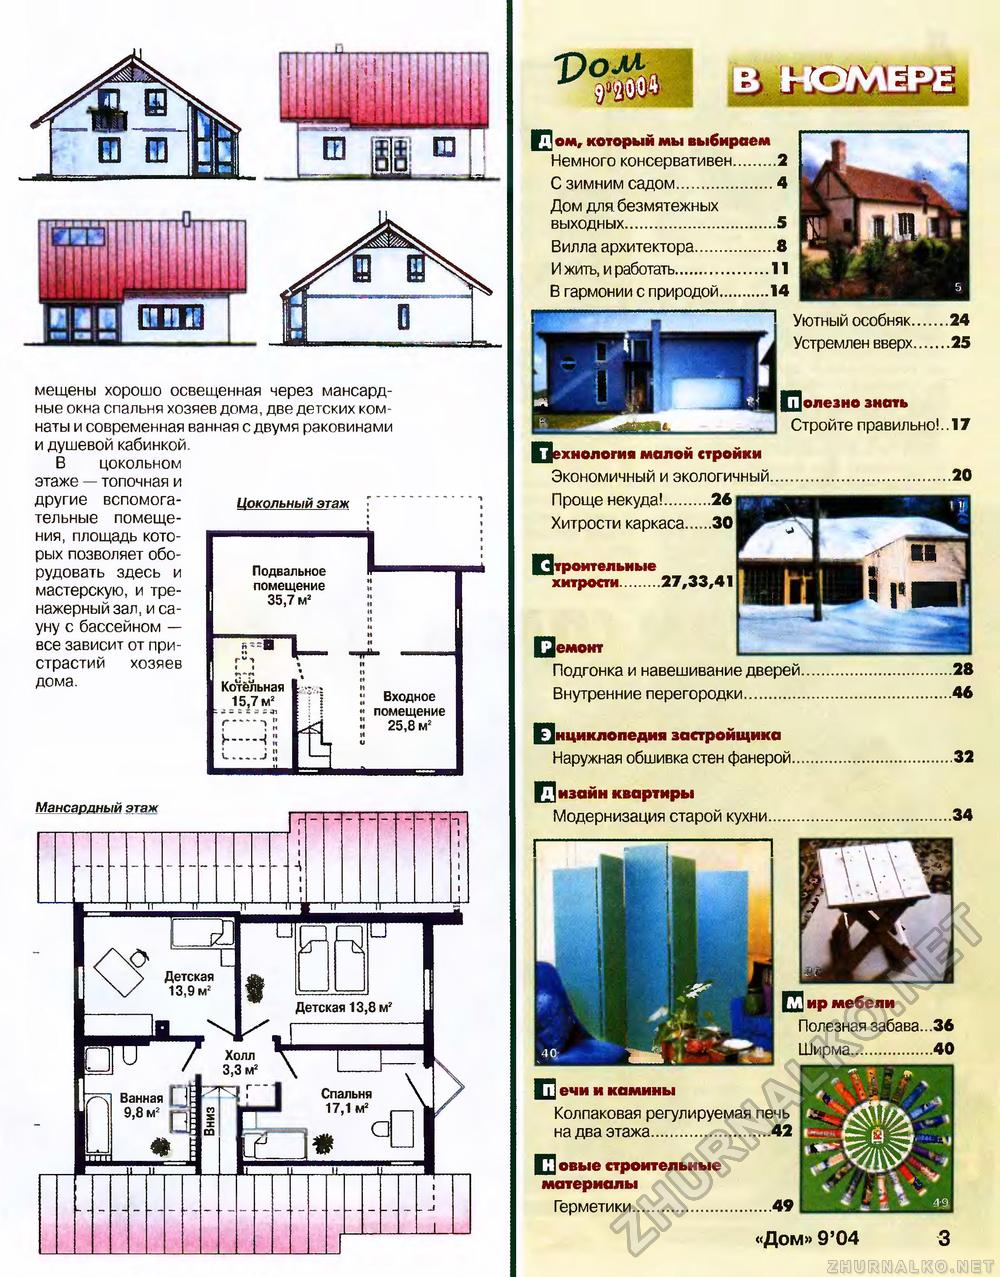 Дом 2004-09, страница 3
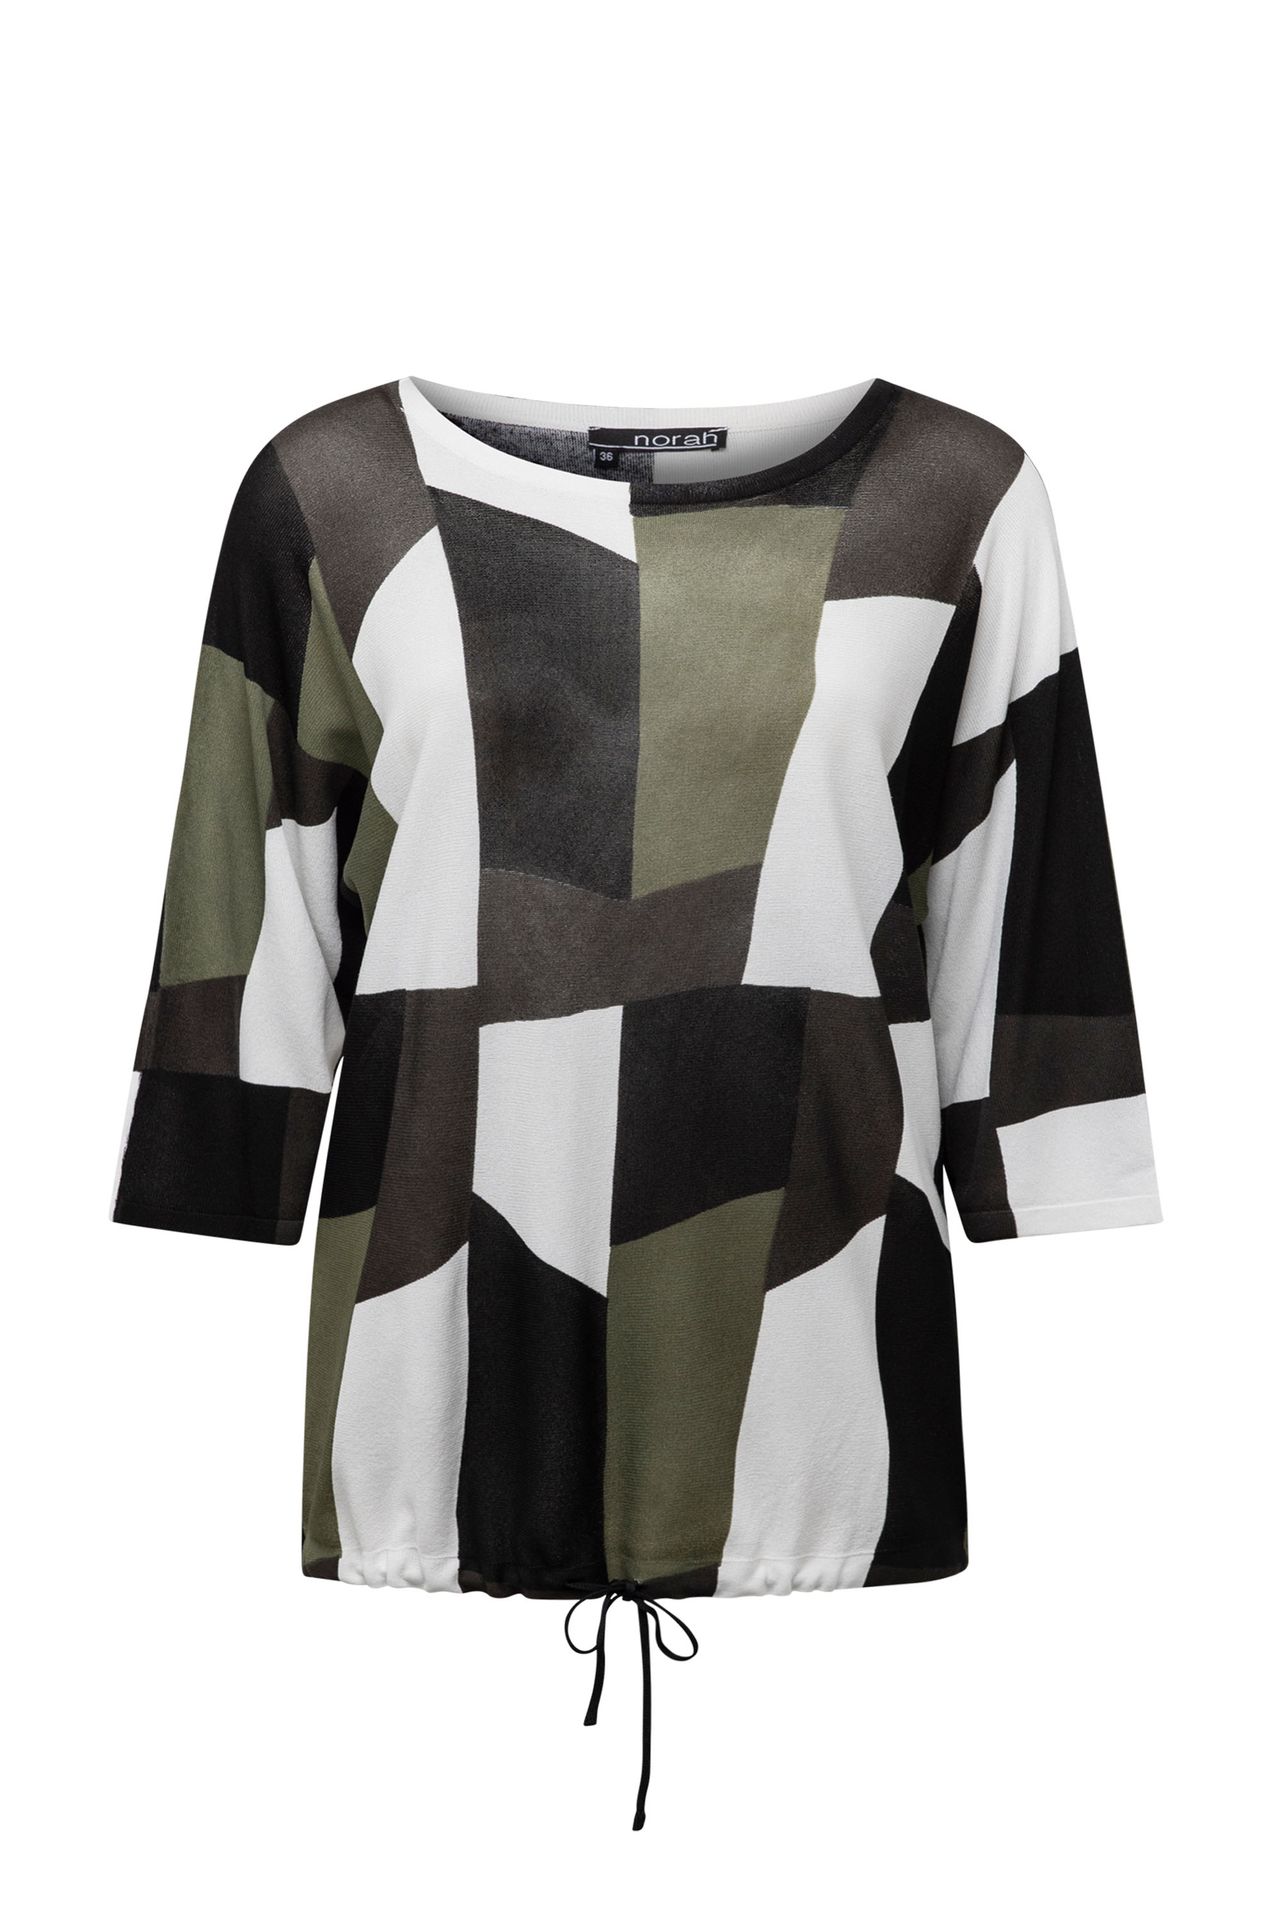 Norah Meerkleurig shirt met trekkoord black multicolor 213856-020
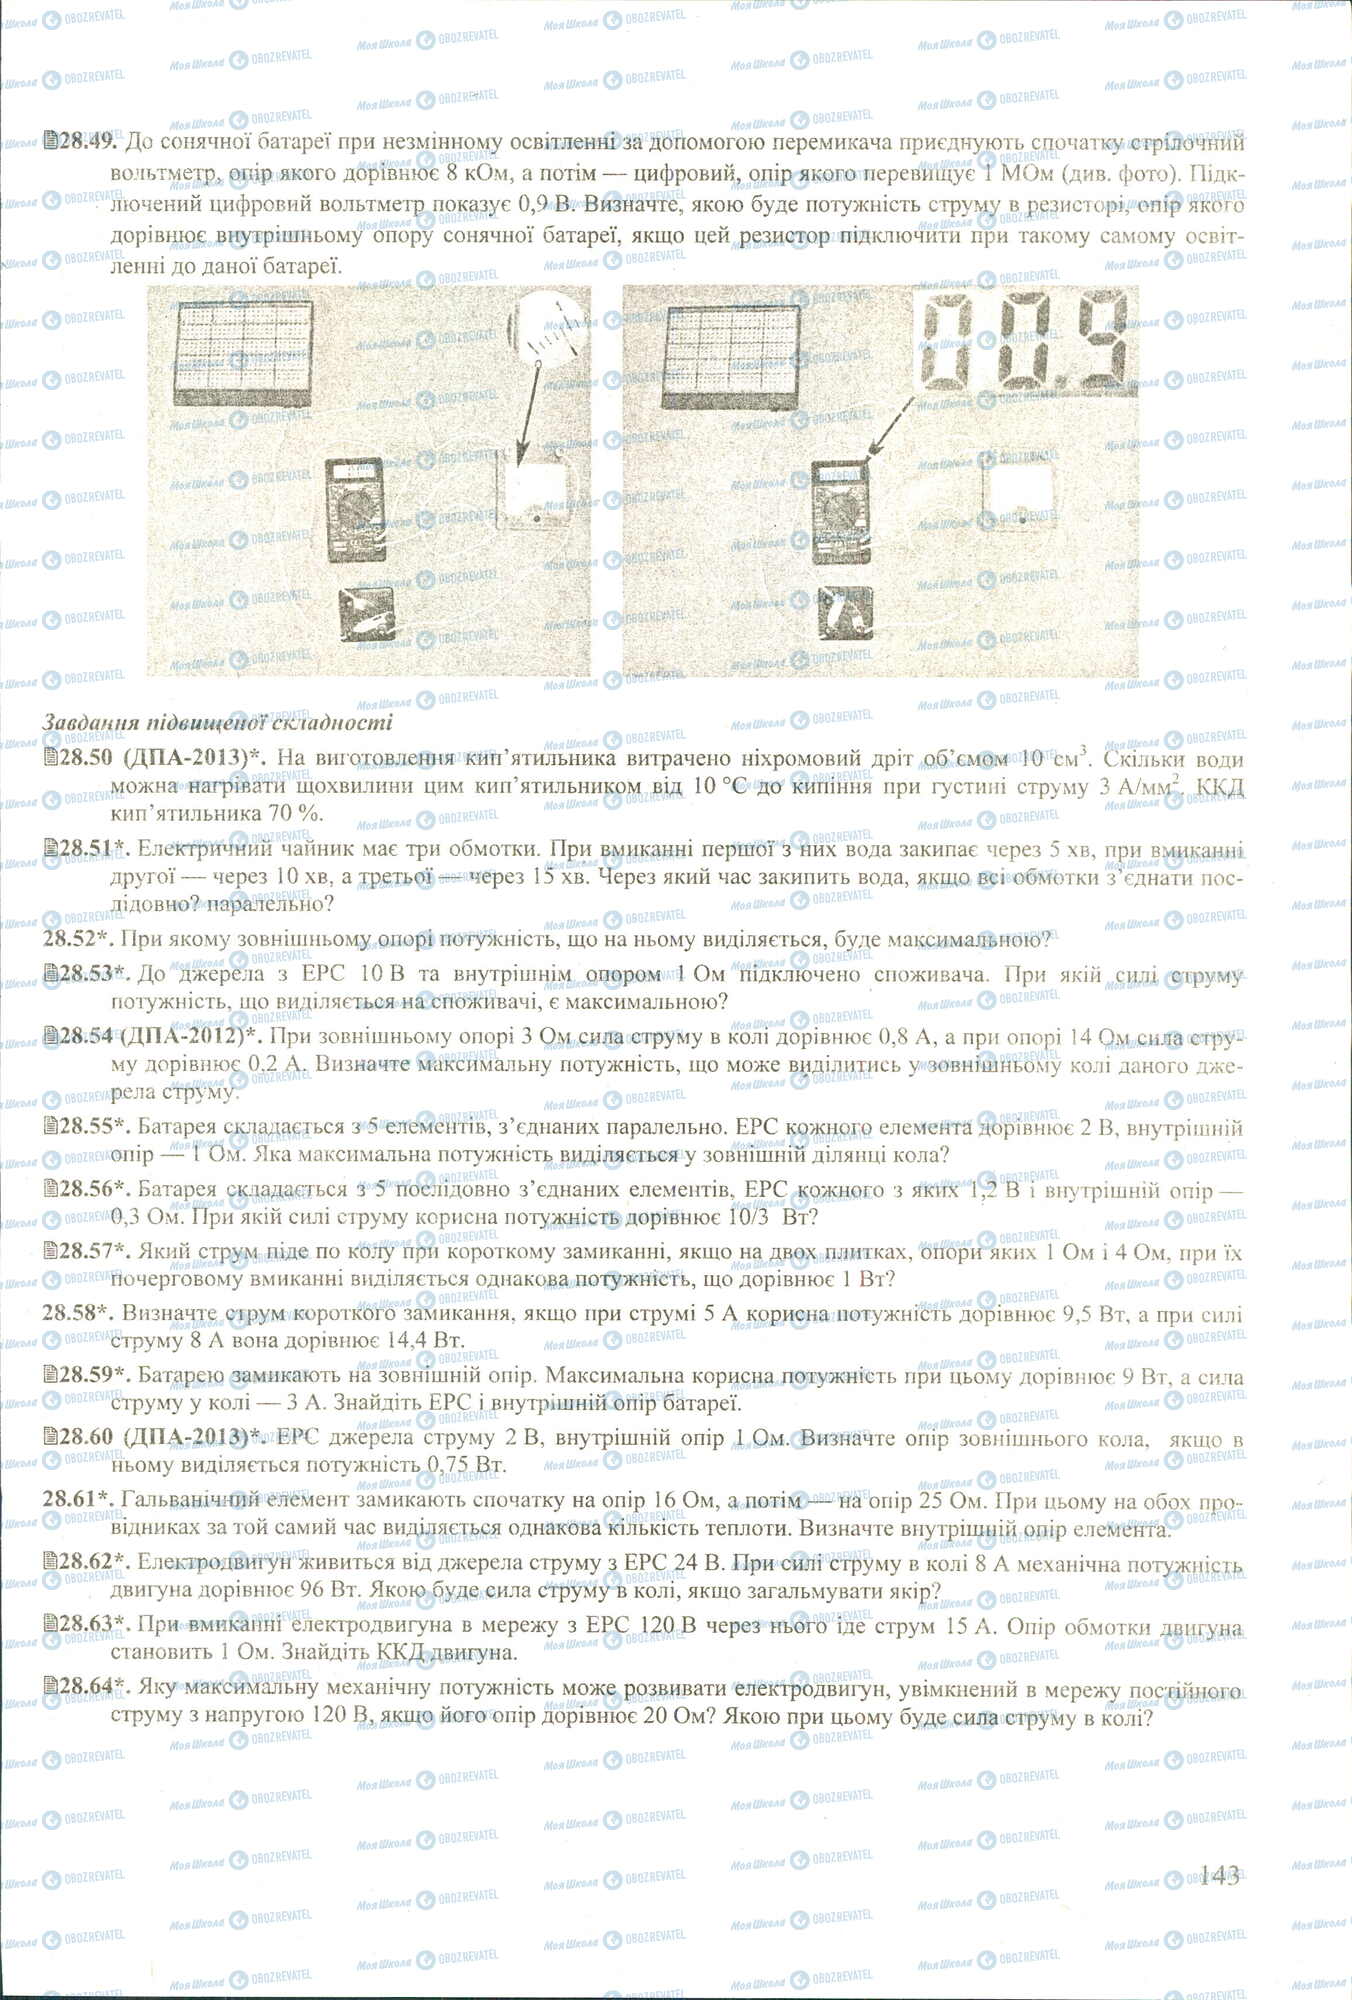 ЗНО Физика 11 класс страница 49-64

--

Output the span from the line with "Norah Meerkleurig shirt" through the last line of the data, inclusive and exact, and omit every picture.

◆ WORKED SOLUTION ◆
 Norah Meerkleurig shirt met trekkoord black multicolor 213856-020
 ЗНО Физика 11 класс страница 49-64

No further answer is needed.